■ **DATASET EXTRACT**
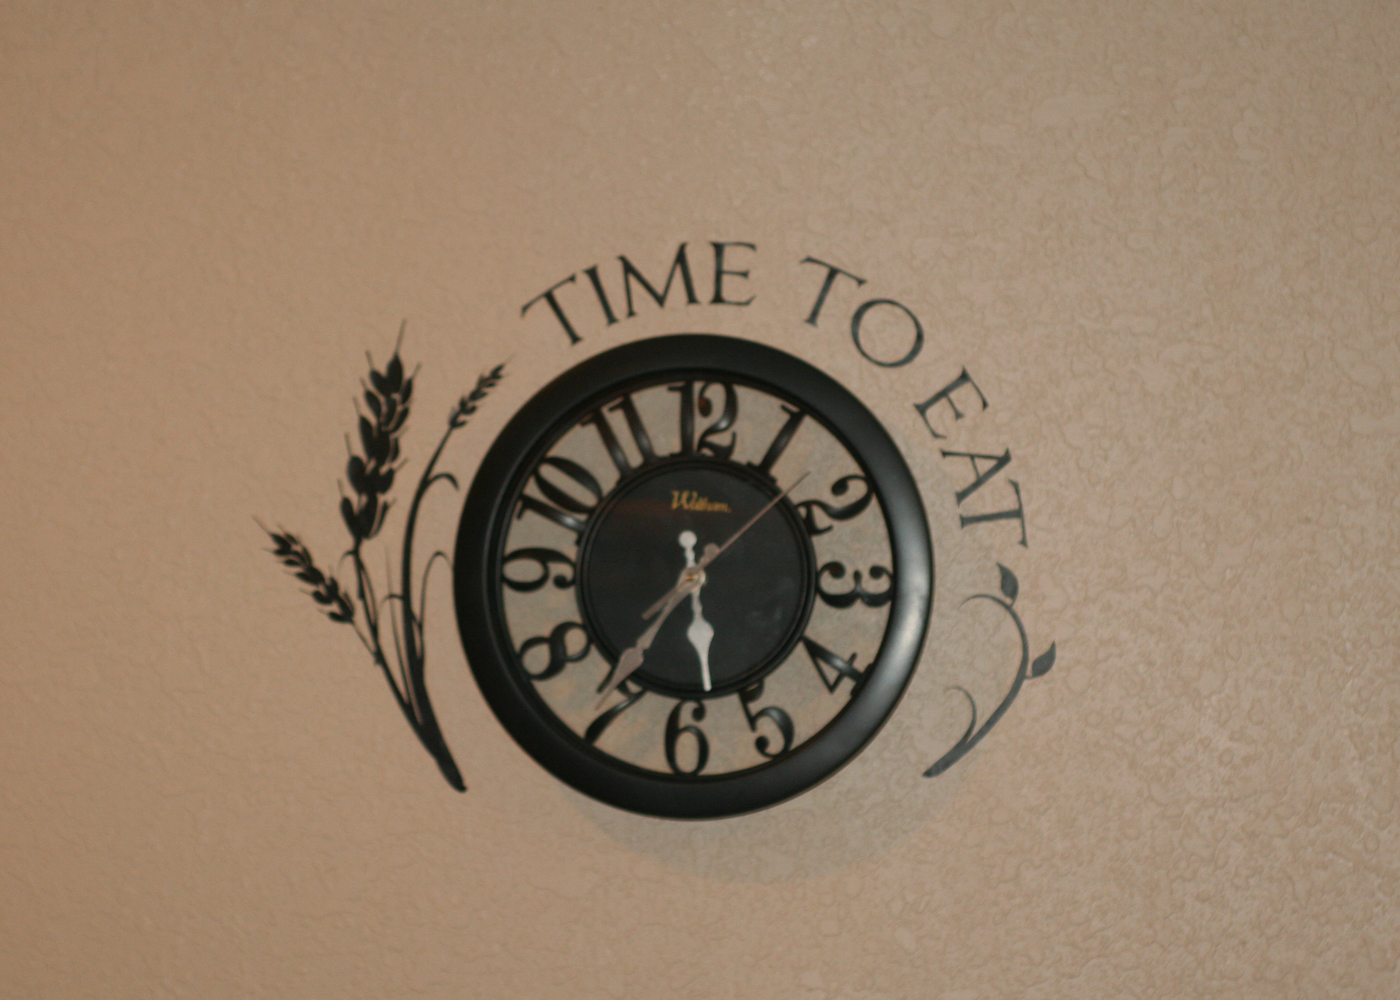 clock-wall-art-decal-time-to-eat-custom.jpg
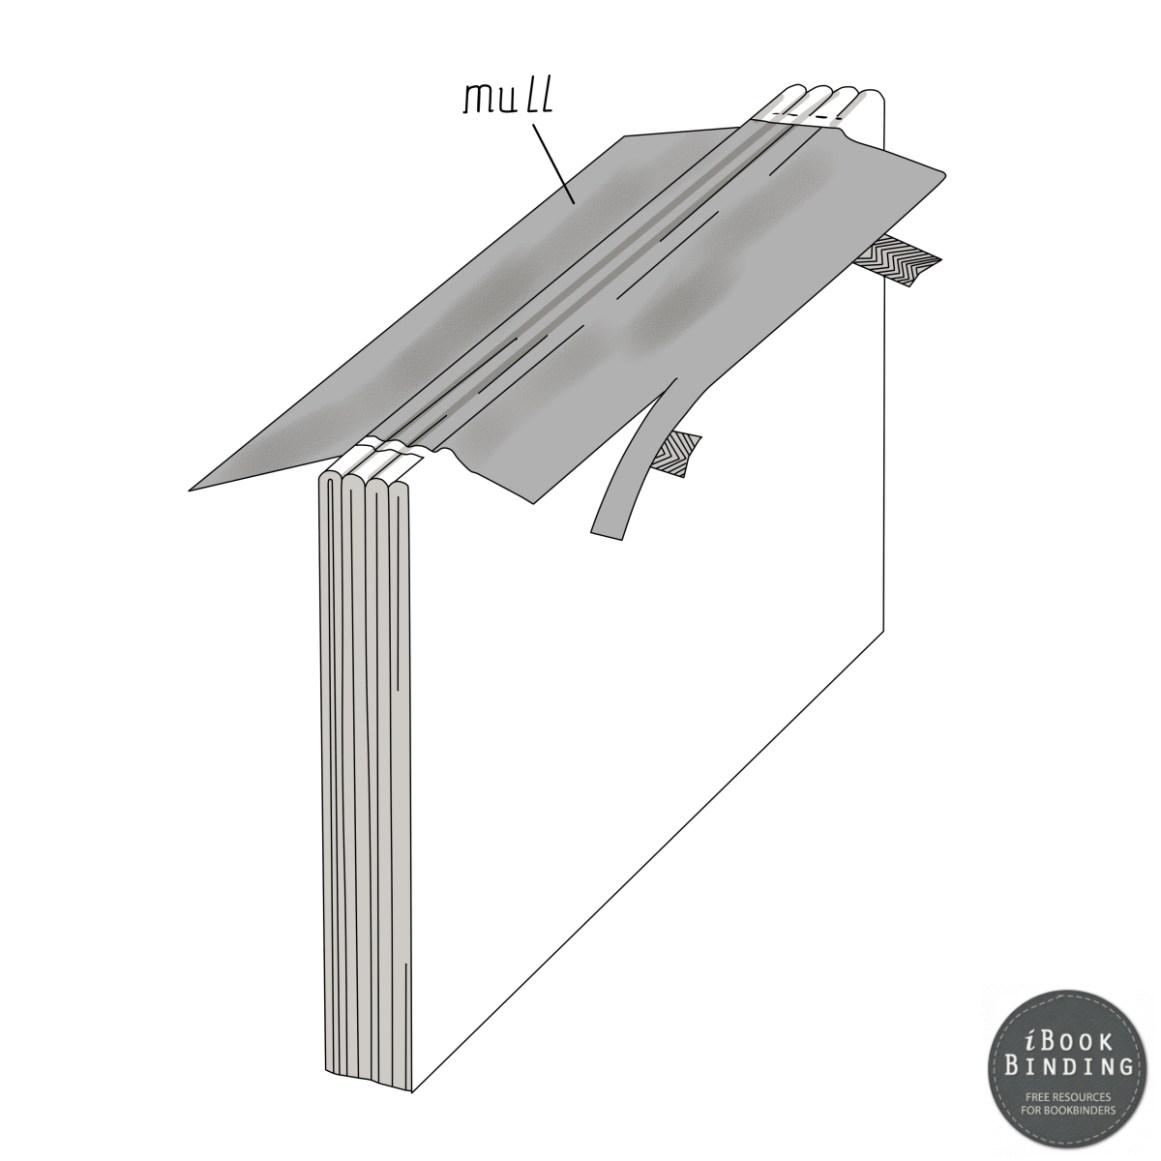 Figure 139 - Applying the Mull
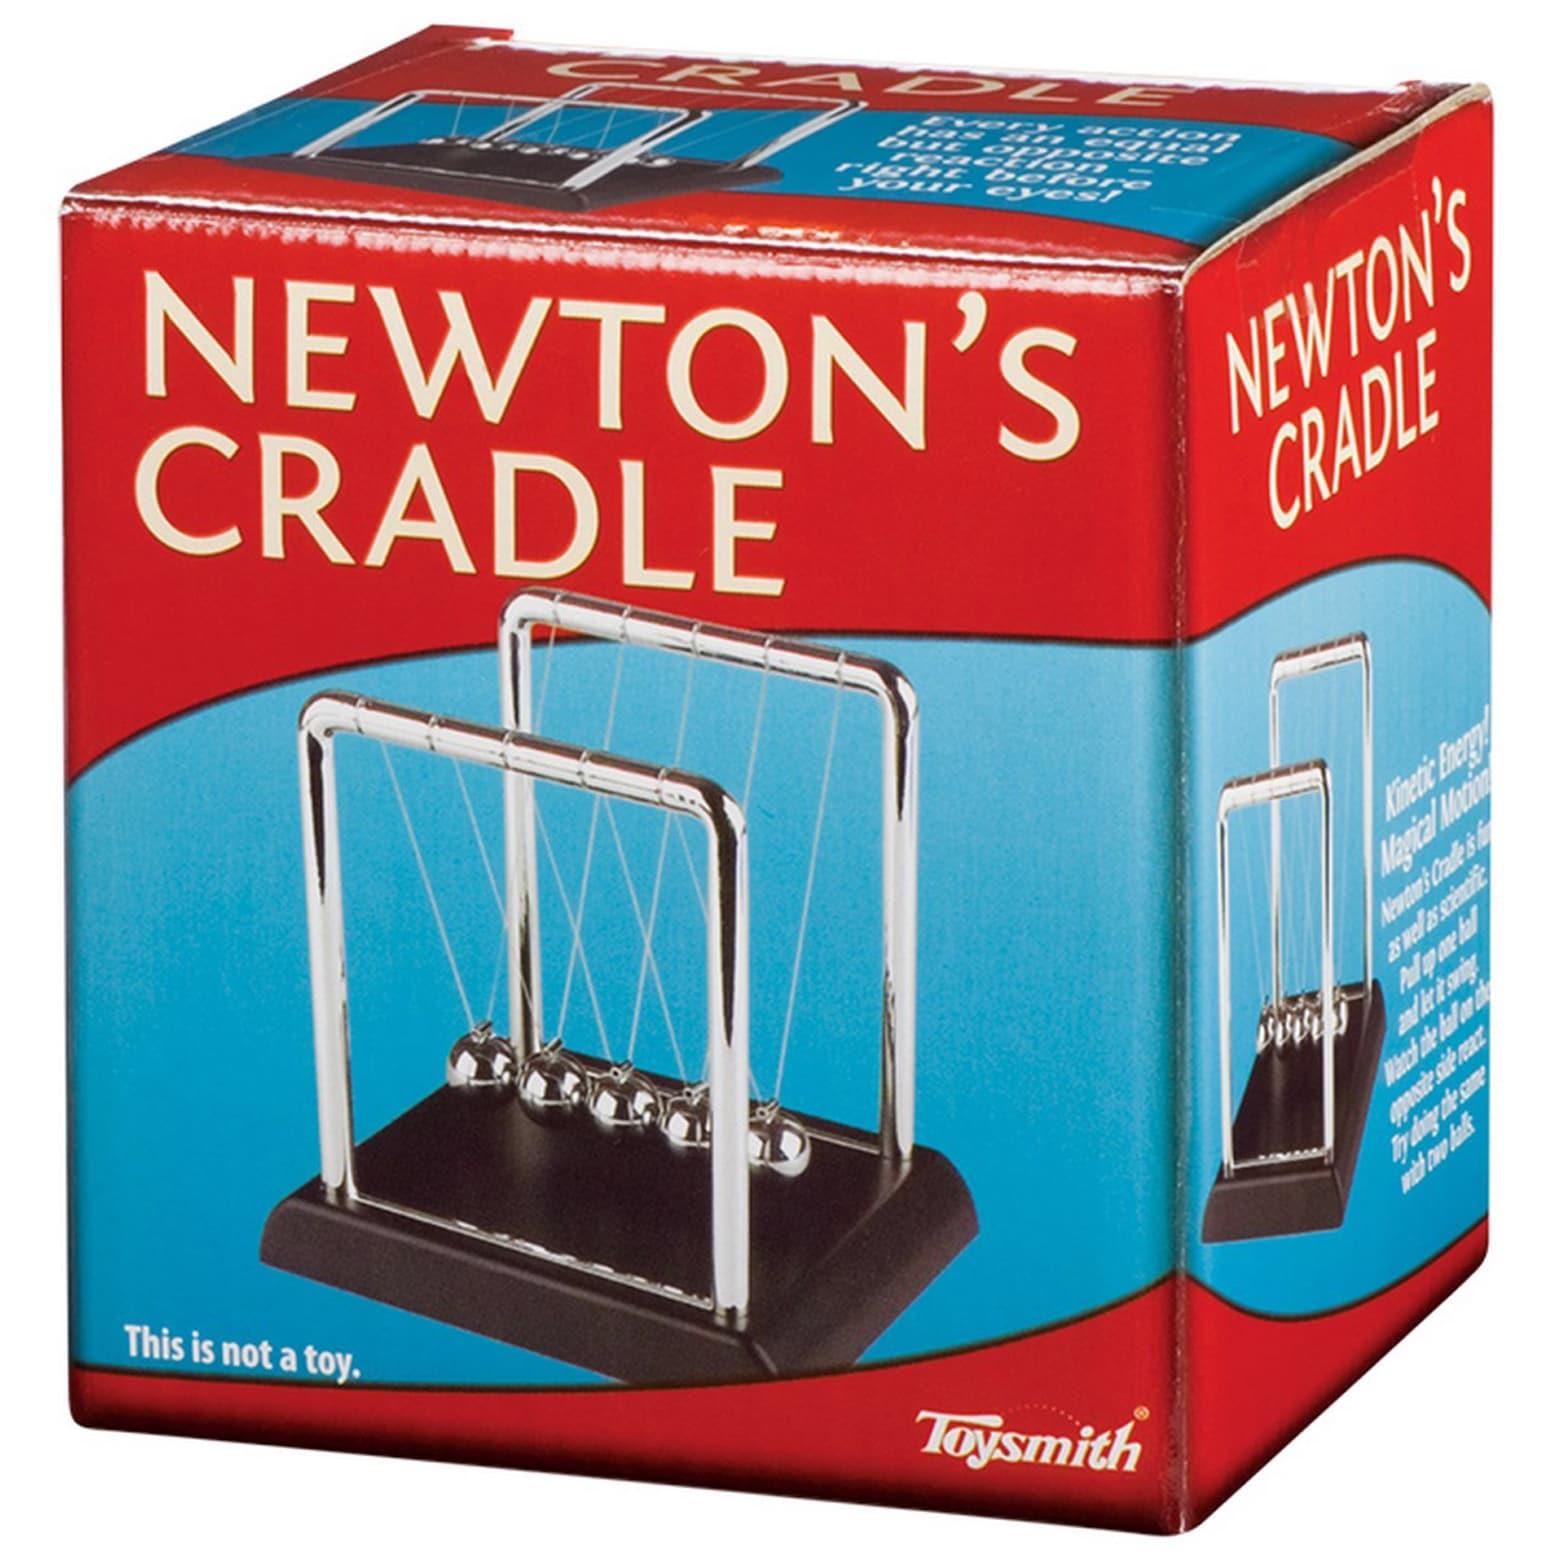 Toysmith Newton's Cradle Physics Toy (G085761318830), Bro...

■ **YOUR OBJECTIVE**
Your answer must be an exact copy of the lines above, from the line that contains "Figure 139 - Applying the Mull" through the final line, with no pictures in it.

■ **WRITTEN SOLUTION**
 Figure 139 - Applying the Mull
 Toysmith Newton's Cradle Physics Toy (G085761318830), Bro...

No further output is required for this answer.